WORK ITEM ▸ Nothing outside the range is wanted. Repeat exactly the lines below from the one with "WHOOSH_06 ヒューッドンッ・・の再生済みの波形" through the one with "robot-yes-yes.jpg".

Recorded data
* * * *

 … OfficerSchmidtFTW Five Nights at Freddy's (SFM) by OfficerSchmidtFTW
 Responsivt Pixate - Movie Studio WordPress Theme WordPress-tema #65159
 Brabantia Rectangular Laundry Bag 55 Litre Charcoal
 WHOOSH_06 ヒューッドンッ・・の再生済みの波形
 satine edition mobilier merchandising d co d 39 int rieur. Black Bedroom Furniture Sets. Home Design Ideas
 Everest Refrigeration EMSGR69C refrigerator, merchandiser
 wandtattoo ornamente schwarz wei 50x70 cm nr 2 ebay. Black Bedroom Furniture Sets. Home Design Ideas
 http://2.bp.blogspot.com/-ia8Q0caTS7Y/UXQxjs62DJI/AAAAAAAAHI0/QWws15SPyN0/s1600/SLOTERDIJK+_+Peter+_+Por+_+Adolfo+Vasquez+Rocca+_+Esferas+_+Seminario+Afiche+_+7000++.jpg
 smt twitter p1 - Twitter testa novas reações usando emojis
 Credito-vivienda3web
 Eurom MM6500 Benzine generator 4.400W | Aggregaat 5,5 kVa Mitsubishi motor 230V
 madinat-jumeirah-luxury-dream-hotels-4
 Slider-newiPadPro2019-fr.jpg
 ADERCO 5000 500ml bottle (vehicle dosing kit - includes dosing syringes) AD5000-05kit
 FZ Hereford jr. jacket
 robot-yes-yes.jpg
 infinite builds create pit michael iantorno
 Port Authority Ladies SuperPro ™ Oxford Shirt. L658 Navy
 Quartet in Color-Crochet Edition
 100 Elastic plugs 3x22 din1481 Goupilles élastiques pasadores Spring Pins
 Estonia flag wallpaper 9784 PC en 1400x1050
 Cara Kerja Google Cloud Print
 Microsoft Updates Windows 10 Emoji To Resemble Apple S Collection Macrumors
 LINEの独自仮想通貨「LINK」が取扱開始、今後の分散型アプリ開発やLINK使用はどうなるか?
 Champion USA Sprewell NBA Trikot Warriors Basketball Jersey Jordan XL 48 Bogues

* * * *

TASK ANSWER ▸
 WHOOSH_06 ヒューッドンッ・・の再生済みの波形
 satine edition mobilier merchandising d co d 39 int rieur. Black Bedroom Furniture Sets. Home Design Ideas
 Everest Refrigeration EMSGR69C refrigerator, merchandiser
 wandtattoo ornamente schwarz wei 50x70 cm nr 2 ebay. Black Bedroom Furniture Sets. Home Design Ideas
 http://2.bp.blogspot.com/-ia8Q0caTS7Y/UXQxjs62DJI/AAAAAAAAHI0/QWws15SPyN0/s1600/SLOTERDIJK+_+Peter+_+Por+_+Adolfo+Vasquez+Rocca+_+Esferas+_+Seminario+Afiche+_+7000++.jpg
 smt twitter p1 - Twitter testa novas reações usando emojis
 Credito-vivienda3web
 Eurom MM6500 Benzine generator 4.400W | Aggregaat 5,5 kVa Mitsubishi motor 230V
 madinat-jumeirah-luxury-dream-hotels-4
 Slider-newiPadPro2019-fr.jpg
 ADERCO 5000 500ml bottle (vehicle dosing kit - includes dosing syringes) AD5000-05kit
 FZ Hereford jr. jacket
 robot-yes-yes.jpg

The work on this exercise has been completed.